The music industry is just changing and the next sea change of what happens next…  who knows – I read somewhere recently that a lot of the big manufacturers are going to stop producing CDs by the end of 2012 and it will all be on their website or whatever.

We as musicians just have to continue to not suck, just write good songs and play good songs live – that’s our job, that’s all we have to worry about.  But when you put your business hat on there has to be a re-imagining of what music is, a physical one or in an intangible form and what that is worth and what it means and is it purely a promotional device as it really was always meant to be - people weren’t making millions of dollars form a million records sold, even in the early days. They sold them for 50 cents each. We just have to rethink, and it’s going to be a very visionary guy who comes up with the next wave of whatever it is and we are just going to have to adapt.

Tony: You live now in Bolder, Colorado why did you move rom LA?

Bob: When I met my wife she was going to school there so I went while she was finishing off – I was on the road a lot so it didn’t really matter where I was and then I just fell in love with the place.  When you do this for a living and we are in all these big cities and there is all this energy and we are running around all over the place – when I would come home to LA, LA still had that same energy in it so you’d get off the road and you were still being torn eight different ways.  

That buzz of a big city was always there and you never got to tune your nervous system down a bit so the first winter I spent in Boulder, Colorado I’d never heard silence like that in my life, it just wasn’t in my experience, the way that the snow sucks up all the sound and its maybe 28 square miles, its small, there’s not a lot of cars, there’s not a lot of trains, there’s no planes, it’s just really relaxing and quiet and allows you when you come off a year like this to just completely tune out  all of that hustle and bustle and just be in that moment.  

It’s very difficult with this kind of lifestyle to experience life in real time and to pay attention from moment to moment – I’ve got to work out when I’ll get a shower, a toilet that’s not going to bite me in the ass, getting laundry done, you are constantly working on your plan for the day just to keep a step ahead of where you are.  To me it’s very important from a philosophical / spiritual point of view to be aware of what is going on now and to appreciate the moment, it’s difficult to do in this lifestyle.  I could never do that in LA, now I find when I go home to Boulder that there is a lot of space to enjoy each moment.

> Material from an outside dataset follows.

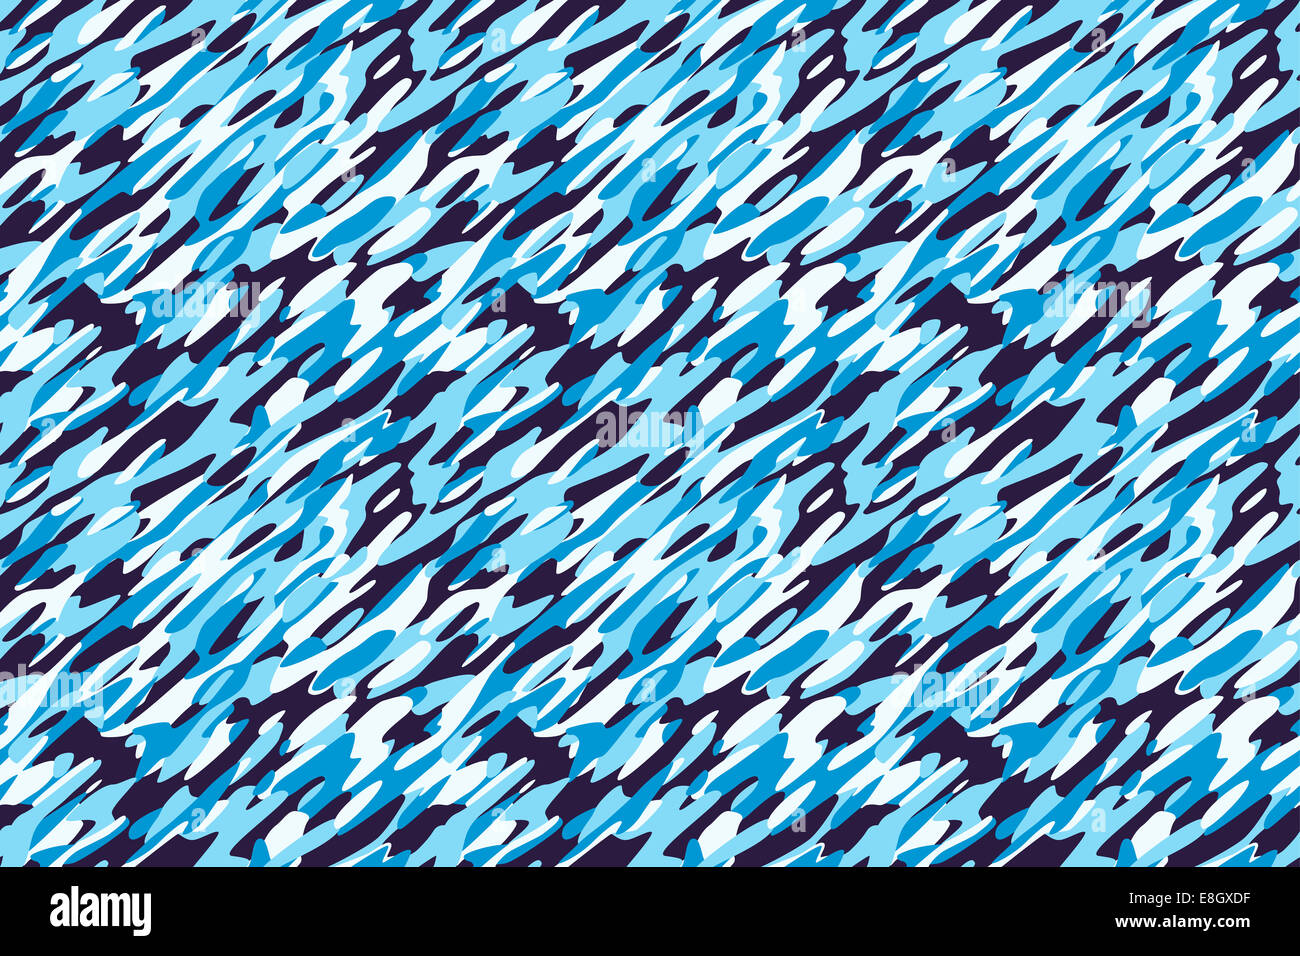 Camouflage Winter Snow White Blue Background - militärische Tarnmuster Textil. Allen Seiten zusammenpassen perfekt nahtlos. Stockfoto

Tony: Do you get much time to see the places you visit on tour?

Bob: Yeah we get to see… today it’s different in Norwich because we are four miles from anything in the university. You’ve got lovely walkways and trees! Some days are better than others, when we were in Vienne we were like a train stop away from the centre of one of the most amazing cities in the world so nothing stops us from getting out and touring around.

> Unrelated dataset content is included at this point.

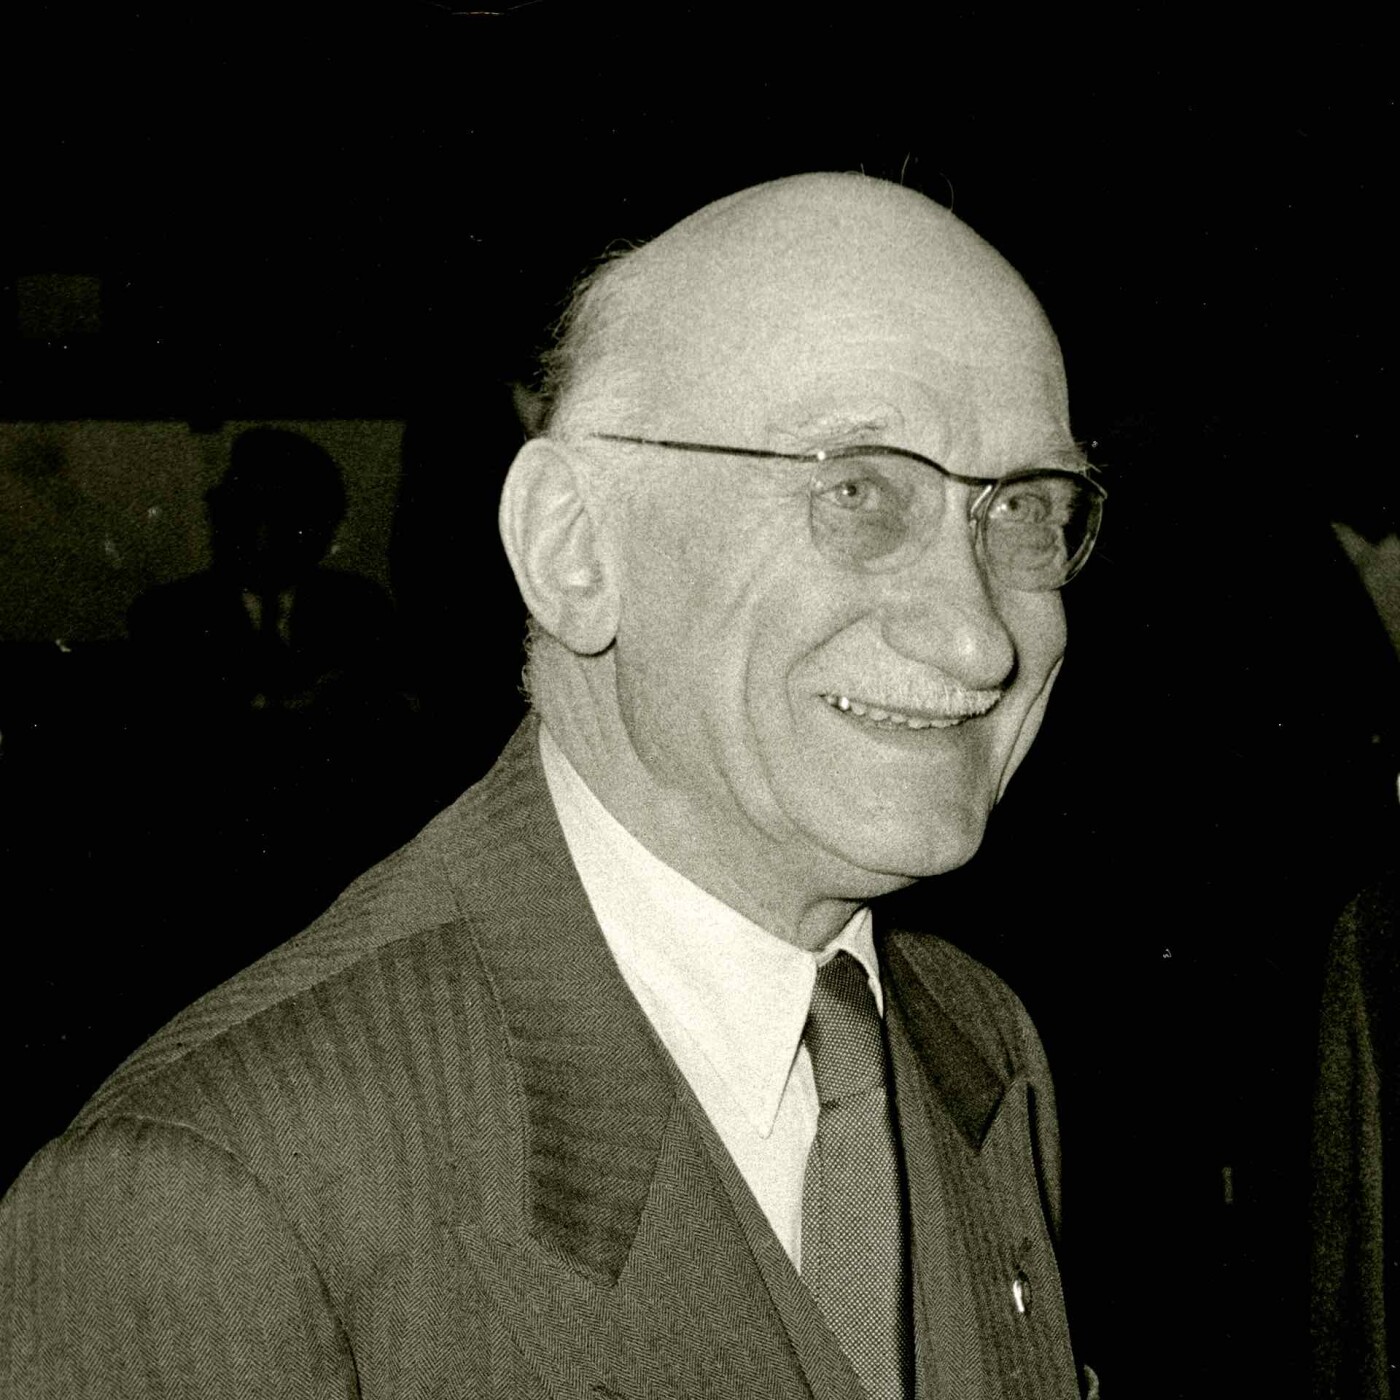 Biography of Robert Schuman

Tony: Do you get recognised in the street?

Bob: Naw! (laughs) Once in a great, great while.  Dave probably much more than the rest of us because he’s such a focal point on stage for everyone.  And everyone thinks I’m taller because I’m like four feet above them so when I’m just walking around.. you know I’ve been in our crowd not wearing a waistcoat and tie and nobody has any idea. 

I’ll go and watch the opening bands at our shows and I have no problem with somebody wanting to shake hands, take a picture but it would be troublesome if like Jennifer Aniston or Brad Pitt trying to eat dinner in a Chinese restaurant four thousand miles from you home and people are going click, click, click.

Tony: I could sit here all evening talking to you Bob; it has been a genuine pleasure.  Thank you very much for taking time out to talk to Grapevine Magazine.


Tony Bell is a professional photographer and enjoys working with Grapevine (he says!).